The key to getting the most from legacy systems and not being tied down by them may be business automation software.

Businesses have the extraordinarily complex task of continuously improving their service while slashing costs. To succeed, they must execute in an increasingly competitive business environment while rationalizing large investments in technology and infrastructure. In the past, technology investments received less corporate scrutiny. Today, seemingly every investment must be justified with a ROI study.

Businesses are often saddled with archaic systems and applications from past investments – investments that actually compel inefficient business practices rife with repetitive human interaction, delays, errors, and unnecessary cost. What these businesses need is to be liberated from the constraints of their legacy systems so they can design and implement optimized business processes to eliminate costs, improve customer service, and capitalize on new revenue opportunities.

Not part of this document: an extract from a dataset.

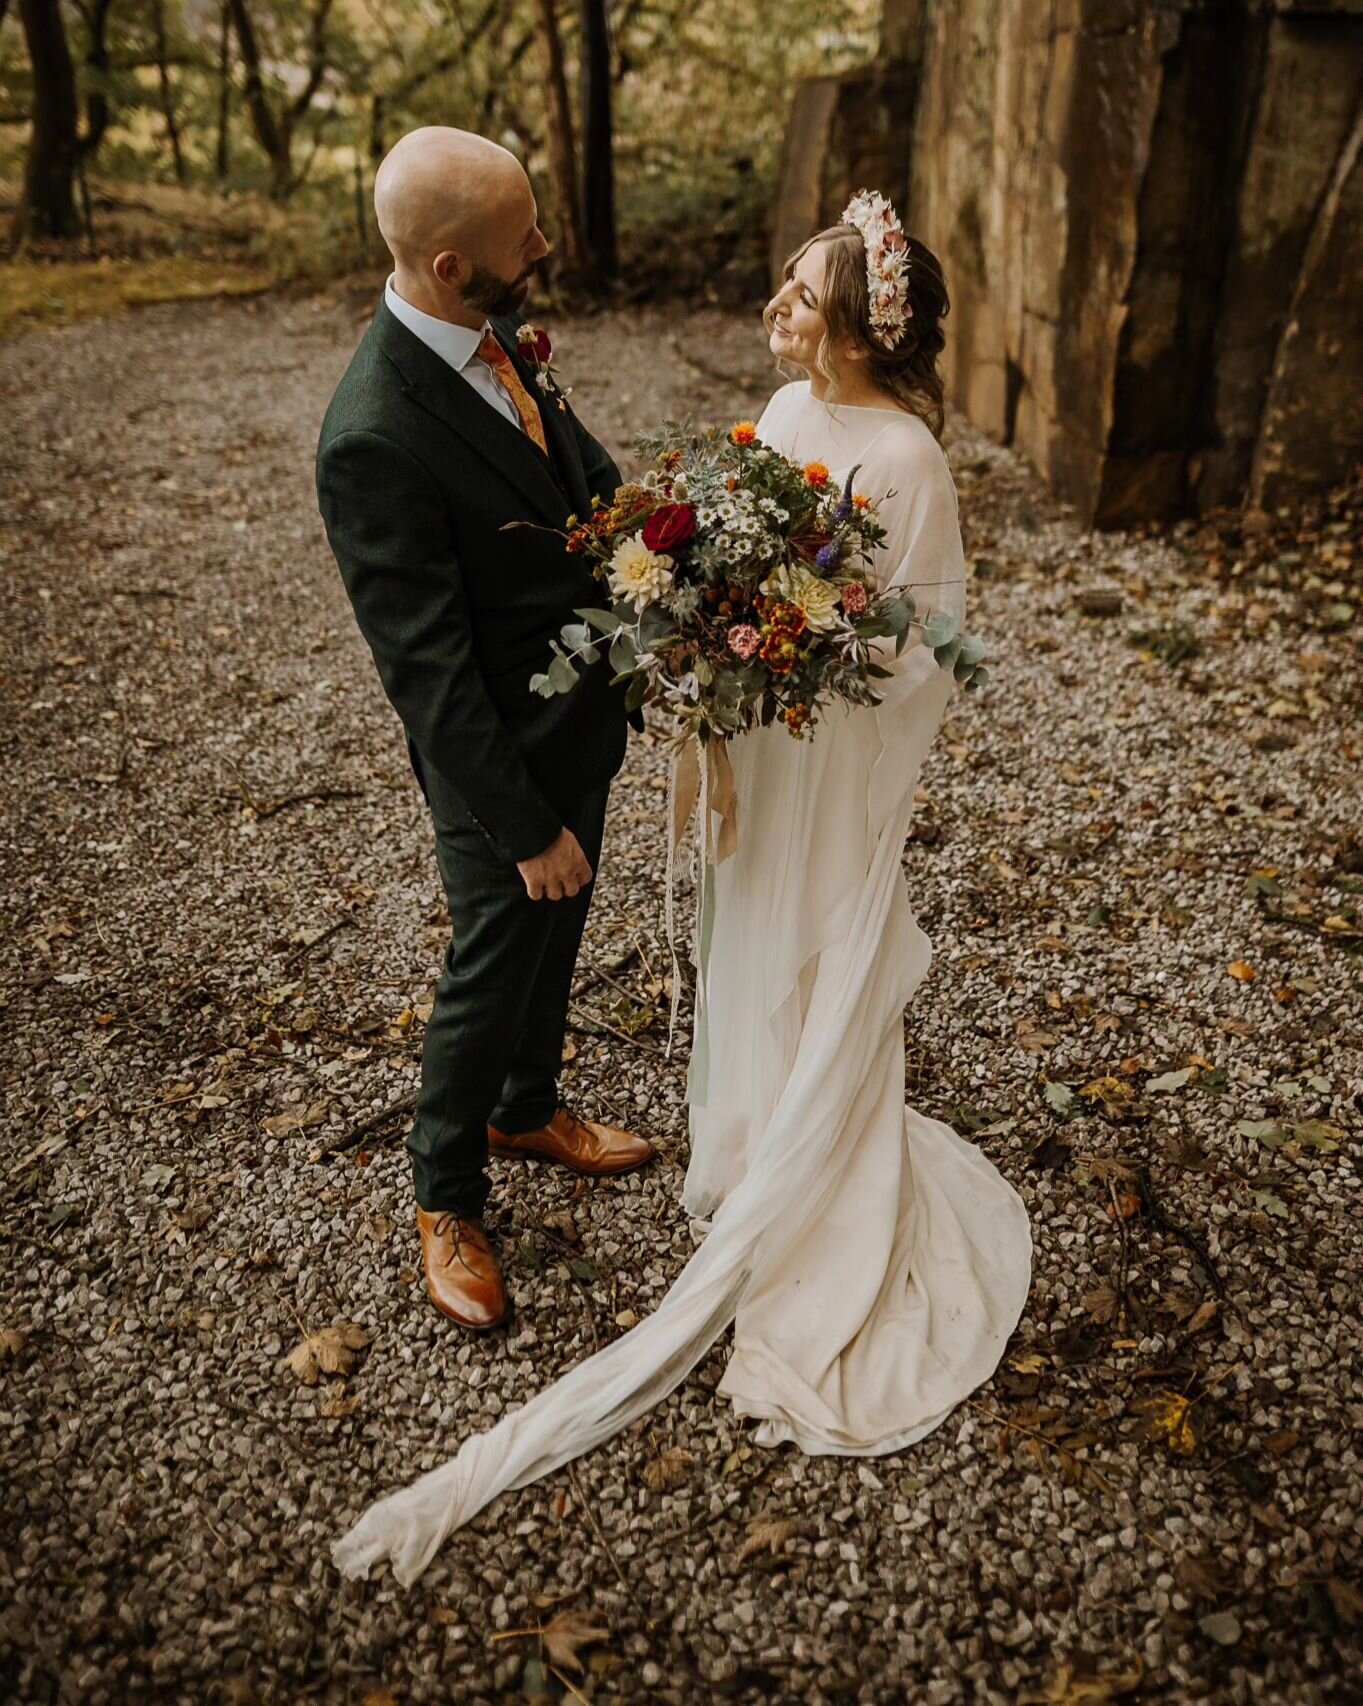 E&amp;D // This dress. These flowers. This wonderful rustic backdrop. A perfect autumn wedding at Torr Vale Mills ! 🍂

@weddingsattorrvalemill #torrvalemillwedding  #newmills #peakdistrictwedding #peakdistrictweddingphotographer

Business process automation software (BPA) is designed to solve this problem. It allows business and technology managers to design and implement new processes to deliver their products and services to customers in a more timely and cost-effective way.

How We Got Here

Much has transpired since the landmark book Reengineering the Corporation by Michael Hammer and James Champy (HarperBusiness, 1994) was first released. The book’s main theme is that businesses must completely rethink the way they execute their fundamental business processes in order to compete in the global economy. Since then, we have witnessed downsizing, rightsizing, outsourcing, a bubble, and a technological revolution. But much still remains undone because businesses lack the tools necessary for effective reengineering.

The opportunity to improve business processes is only heightened in sectors where resources are perennially scarce, such as the small to medium-size business market and the health care and manufacturing industries. Profit margins in these sectors are notoriously thin, so investments are generally made to support core operations, not to streamline them.

When companies from these sectors do make technology investments, they typically invest in point solutions which may enhance a specific work function but rarely improve the overarching business process. For example, a customer relationship management (CRM) application may improve the continuity of interaction between a manufacturing company and its customers, but it will not align delivery date promises with plant capacity. In this case, the critical business process includes aspects of the CRM application as well as the manufacturing management application.

With BPA, businesses have a unique opportunity to merge and align investments in technology with their overall business strategy. BPA gives business managers the power to design optimal business processes because they are freed from the constraints and restrictions of their legacy systems and applications. Moreover, designing optimal business processes is no longer confined to the company’s four walls. It can now be extended to the entire supply chain including vendors, partners, and customers. This heightens the value businesses can create with well-planned and well-executed BPA strategies.

In essence, BPA empowers the ground-breaking concepts of Hammer and Champy with tools for real- world implementation. In fact, reengineering the corporation is no longer an abstract ideal—it is a business necessity.

BPA Terminology Defined

To explain BPA properly, we’ll introduce terminology to define many common elements of BPA, as illustrated in the diagram below.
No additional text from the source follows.